▶ _ASSIGNMENT_: Beneath this line are the data; copy exactly the part of them that opens with the line containing "카페라떼 컵 앤 소서" and closes with the line containing "мир .. серии", and only that part.

▶ _WORKING DATA_:
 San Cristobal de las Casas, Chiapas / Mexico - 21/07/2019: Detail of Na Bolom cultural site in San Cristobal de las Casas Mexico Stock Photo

--

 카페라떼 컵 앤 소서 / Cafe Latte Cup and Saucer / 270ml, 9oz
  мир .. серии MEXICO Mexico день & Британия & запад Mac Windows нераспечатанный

▶ _PROBLEM SOLUTION_:
 카페라떼 컵 앤 소서 / Cafe Latte Cup and Saucer / 270ml, 9oz
  мир .. серии MEXICO Mexico день & Британия & запад Mac Windows нераспечатанный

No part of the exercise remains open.